How to make the most of pre-trained models like Google T5

by Sandra Wartner, MSc

Artificial intelligence (AI) has become an integral part of our everyday lives. Every day we are in contact with numerous systems that are based on AI – even if we are not always aware of it. However, it becomes noticeable when machines communicate with us in our language, as is the case with voice assistants.
Considerable progress has been made in AI-driven understanding of natural language in recent years, among other things through so-called Transformer models – including the T5 architecture developed by Google, which is presented in this article.

Table of contents

What is Google T5?
Parlez-vouz français? Oui!
How do I use T5 for my use case?
Conclusion
Sources
Author

The field of Natural Language Processing (NLP) deals with the understanding of natural, human language. An introduction to the topic is provided by the specialist article in the first Insights magazine “OK Google: What is Natural Language Processing?

Since the machine construction of natural language understanding requires huge amounts of text data of several gigabytes (e.g., the entire text from Wikipedia), the training of NLP systems from scratch involves considerable costs (up to six-digit euro amounts or more) and time[1] until an acceptable quality of the results can be achieved. Therefore, numerous researchers as well as large companies like Google or Facebook make pre-trained language models publicly available. Since these so-called base models have already learned a basic understanding of language, other researchers can build on these models and adapt them for a specific project, extend them, and in turn share them with the NLP community.

This concept is called transfer learning. Here, models are trained with huge amounts of data to gain a general understanding of basic concepts (in this case, natural language) and then trained with more specific data to perform a concrete task. This not only allows reuse of models, but also reduces the size of the database needed for a concrete task.

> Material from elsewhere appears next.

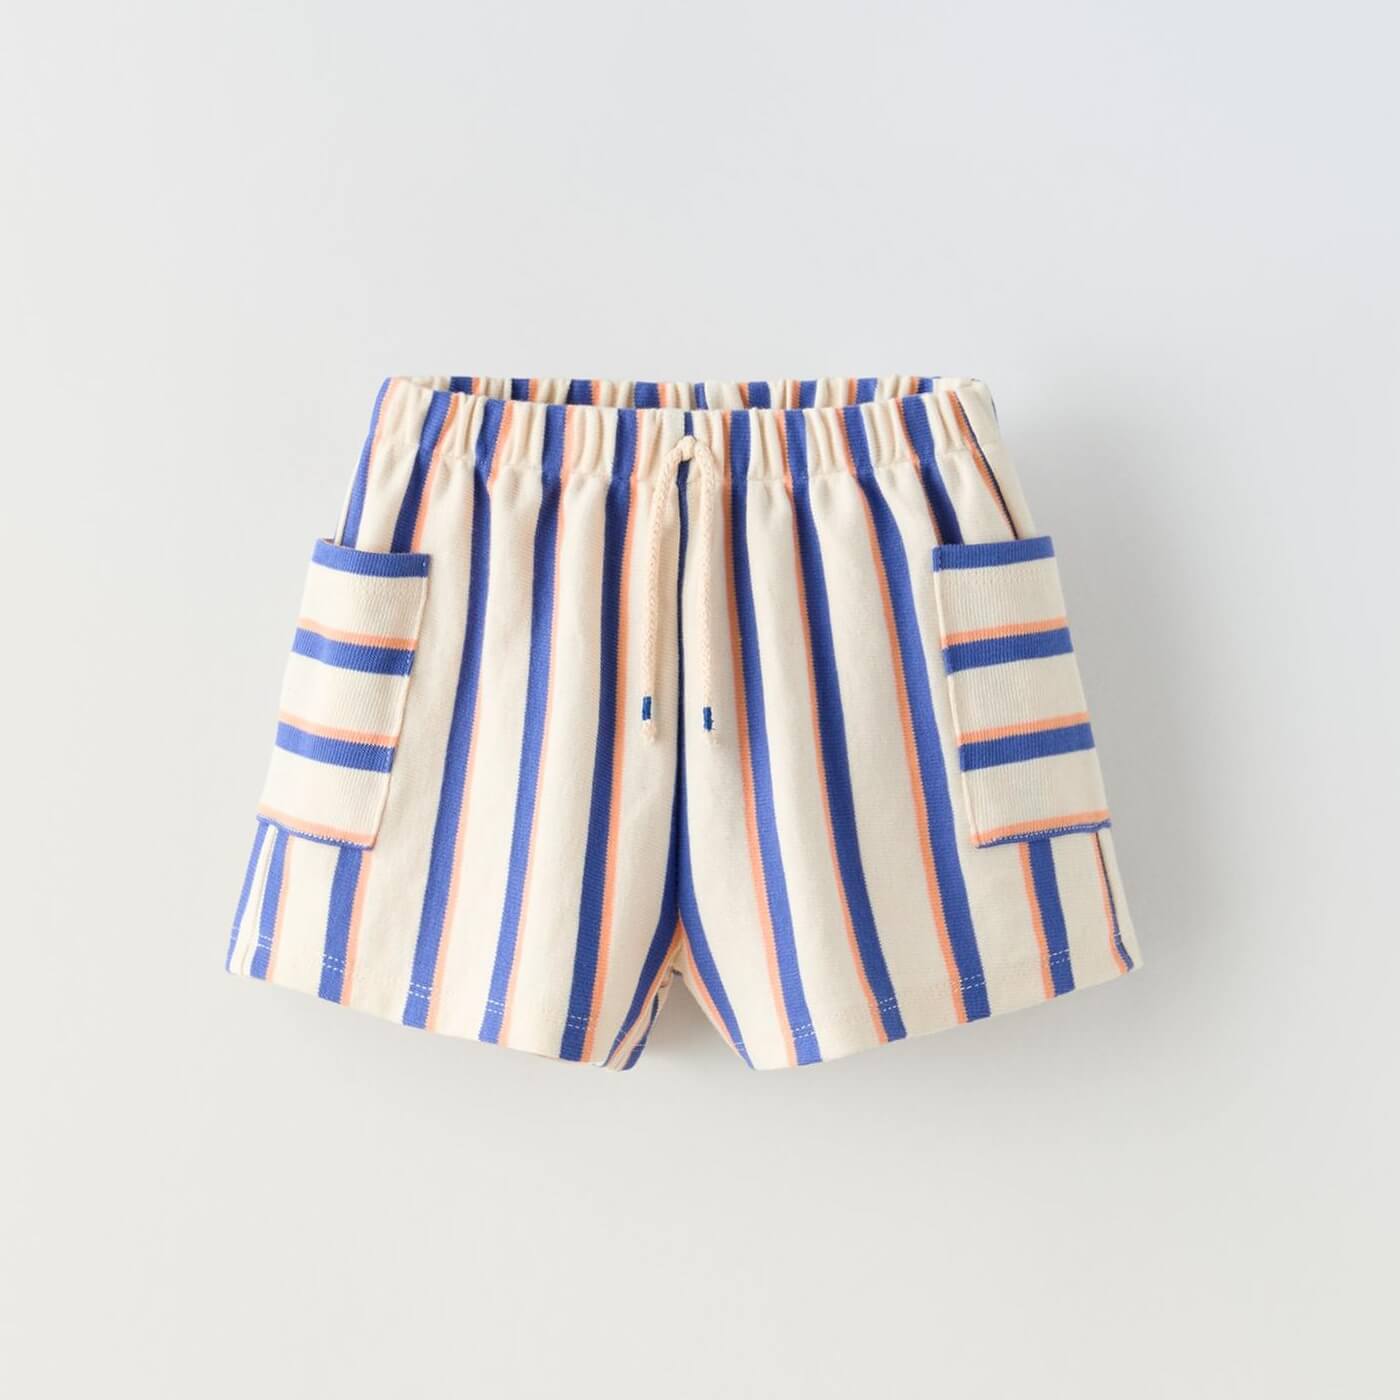 Шорты-бермуды Zara Summer Camp Striped Pockets, синий/бежевый

When only limited data is available, zero-shot learning can be used. Here, a model is made to perform a task for which it has not been explicitly trained. One-shot and few-shot models also work according to this principle. Thus, models with no or only little data can be trimmed to a specific task. Unfortunately, these approaches do not completely eliminate the need to collect training data in very many cases: first, these zero-shot models often only serve as prototypes or baseline models, since they often cannot generalize sufficiently well (i.e., decreasing quality of results with new, unseen data) and are very susceptible to errors in the (training) data. Second, additional evaluation data is needed to quantify the quality of zero-shot models in the first place and to make an assessment of the value added by their use.

NLP in recent years has been the development of so-called transformer models. This is a special neural network architecture that uses so-called attention mechanisms and replaces the previously prevailing recurrent neural networks (RNN) with deep feed-forward networks. This novel architecture, developed in 2017, was able to largely eliminate the weaknesses of the previous models. Among other things, it enables a (better) understanding about the context of certain words and facilitates the performant handling of larger data sets. Probably the best known example of a group of Transformer models is BERT[2] (Bidirectional Encoder Representations from Transformers). The basic BERT models can be extended by customized extensions, which are trained on the desired task (e.g. classification of sentences on negative, neutral or positive sentiment). Systems based on the BERT architecture have achieved record-breaking results in numerous tasks since its publication in 2018 and are now an integral part of Google searches.

What is Google T5?

The T5 architecture developed by Google works very similarly to BERT, but has some differences. The eponymous Text-To-Text principle means that for T5 models, input and output consist of pure text data. This allows training the T5 models on arbitrary tasks without having to adapt the model structure itself to this task. Thus, any problem that can be formulated as text input to text output can be handled by T5. This includes, for example, classifying texts, summarizing a long text, or answering questions about the content of a text. Another unique feature of the T5 architecture is the ability to use a single model to solve several different tasks, as shown in Figure 1. For example, the pre-trained T5 models have already been trained on 17 different tasks. Among these, the task of answering questions about a given text is a particular strength of T5. If the model is provided with the entire Wikipedia article on the history of France, for example, it can successfully return the correct answer “Louis XIV“ to the question “Who became King of France in 1643?“

T5 has already achieved impressive results in various areas, but as in all areas of artificial intelligence, it is not a solution to every problem (see also No-Free-Lunch-Theorem). A common approach to determine the best solution to a problem is to test multiple model architectures for a task and then compare the results.

Figure 1: T5 model

Parlez-vous français? Oui!

An extension of the T5 models are the mT5 models[4], which have been trained on huge amounts of texts in a total of 108 different languages (as of 2022-01). This allows a single model to solve tasks in different languages. However, there is a clear difference in the quality of the results in different languages – the less a language is present in the training data, the worse the results achieved in it.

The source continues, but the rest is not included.